I wear many hats – advisor, leader, parent, spouse, son, board member and coach, among other things. Several years ago, after coming home to a very busy household after a long day of work, my wife proceeded to have a conversation with me about something important in her life. The only problem was that my mind was so busy thinking about a variety of things that had gone on that day that I failed to really hear and understand what she was saying. Although thinking deeply and frequently about things has generally helped me in life, in this instance, it was clear that it was keeping me from being present. Moreover, the ongoing chatter in my head, along with the barrage of news, tweets, social media and other distractions that we are all exposed to every day, was increasing my stress levels, hampering my focus and generally reducing my daily joy. Therefore, despite having no background in or understanding of how to meditate, I made my first attempt that evening.
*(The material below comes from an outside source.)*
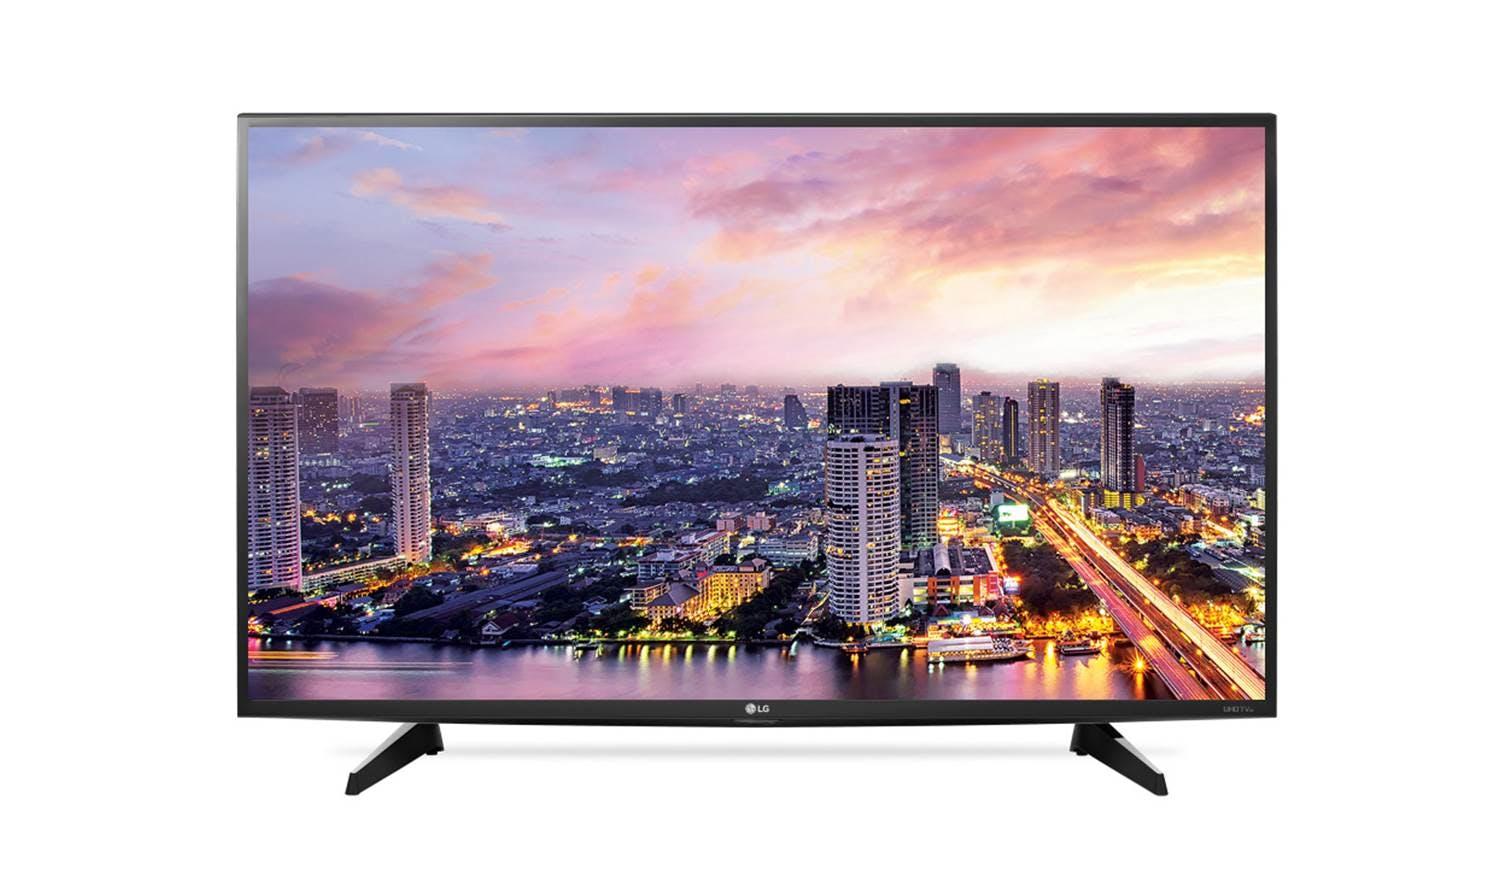 TV, Smart TV, LED TV, 4K TV – Samsung TV, Sony TV, LG Smart TV ...

I locked myself in our spare bedroom, closed my eyes and proceeded to quiet my mind. Although I had no idea what I was doing, in retrospect, that was a life changing moment because meditation has become a regular part of my life and it has dramatically improved my effectiveness, awareness and enjoyment of life (although my wife might suggest that my listening still requires work!).
In addition to calming the mind, reducing stress and improving my patience, being more mindful has had some surprising benefits. For instance, I tend to notice changes in my health more easily, such as when I’m feeling tired, stressed or out of whack. As such, I have not been sick as often, and when I do become sick, I tend to get over it much more quickly. I have since learned through my advisory role at the Buck Institute on Aging, that meditation can help prevent Alzheimer’s disease – a nice side benefit. Lastly, as someone who is in meetings with clients and colleagues on a daily basis, it’s helped me be more focused, clear and present. This has undoubtedly led to better decision making. All in all, the benefits have been substantial.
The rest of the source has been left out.